BEST NEW PROJECT HIGHLY COMMENDED – PONTELAND COMMUNITY PARTNERSHIP FOR THE OLD RAILWAY LINE BRIDLE PROJECT

‘The aim of this project is to improve the environment of the bridleway, which is the old railway track of the 1990s from Ponteland Fire Station to the airport.

‘It is now a treasured route for recreation, dog walkers, cyclists and joggers, whilst still retaining its rural surroundings.

‘The first phase of the project has concentrated on the bridleway between the fire station and Rotary Way, as over the years it has become potholed, waterlogged in places and overgrown at the edges by vegetation that has reduced its accessibility to the local community.

‘The volunteers have litter picked and manually pruned the overgrown vegetation, skimmed the sides of the bridleway and reinstated hardcore as needed and planted trees to fill any gaps in the vegetation.

‘The trees planted will improve the environment by moderating climate, improving air quality, reducing storm water run-off and harbouring wildlife. The wildflower plantings will support pollinators that are reducing in number and they will also provide a habitat for insects and birds.

‘Those involved have also designed an interpretation panel to include heritage information on the railway line, a simple map and wildlife illustration. They have placed this in two Douglas Fir frames.

‘Publicity for the improvements to the bridleway appear in the Pont News and Views free monthly community magazine.’

BEST CHILDREN’S PROJECT HIGHLY COMMENDED – MORPETH ALL SAINTS FIRST SCHOOL FOR ITS OUTDOOR LEARNING ACTIVITIES

‘After entering LOVE Northumberland in 2014 with its butterfly garden and also Morpeth in Bloom, the school realised it needed to embed actual ‘teaching and learning’ about the outdoors in the school curriculum.

‘The school leadership teams introduced permanent weekly (fortnightly for each key stage) lessons outdoors, but also let the children participate in the maintenance of the butterfly garden and the raised vegetable beds.

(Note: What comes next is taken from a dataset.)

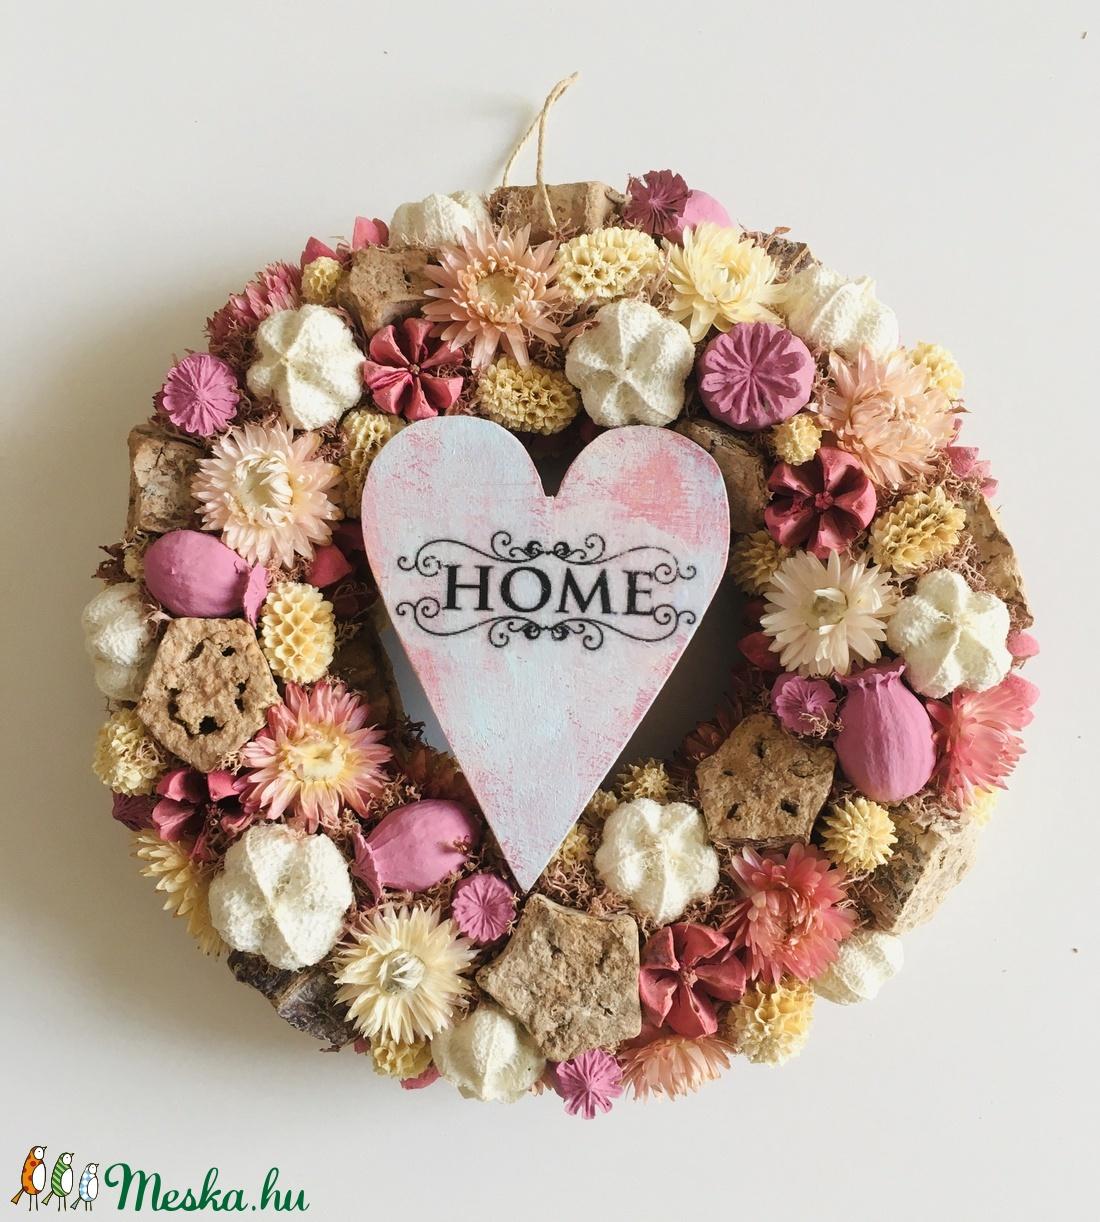 Home sweet home (Fiorista) - Meska.hu

‘As part of this learning, the school has built a new pond and invested in den building kits and key stage two pupils have been developing a wildlife corner. To be able to buy the den building kits, each class held a cake stall raising money for outdoor resources.

‘Outdoor lessons have included art projects linked to artist Andy Goldsworthy on 3D sculpture, sensory trails (looking at texture and smells in the herb beds), maths (building twig towers, measuring tree heights), literacy (winter scavenger hunts, listening games, rhyming hunts) and science (looking at hibernation and blindfolded tree exploration).

‘The school encourages donations of materials and time from parents and governors – one governor recently donated fern crowns, which the children have already planted around the pond.’